### Prompt
An exact transcription of the data below is needed.

### Supplied material
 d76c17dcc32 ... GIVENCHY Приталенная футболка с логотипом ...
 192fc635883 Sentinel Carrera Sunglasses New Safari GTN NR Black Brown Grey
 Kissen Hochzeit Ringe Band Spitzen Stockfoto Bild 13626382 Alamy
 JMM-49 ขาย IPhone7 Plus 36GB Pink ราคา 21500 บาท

### Written reply
 d76c17dcc32 ... GIVENCHY Приталенная футболка с логотипом ...
 192fc635883 Sentinel Carrera Sunglasses New Safari GTN NR Black Brown Grey
 Kissen Hochzeit Ringe Band Spitzen Stockfoto Bild 13626382 Alamy
 JMM-49 ขาย IPhone7 Plus 36GB Pink ราคา 21500 บาท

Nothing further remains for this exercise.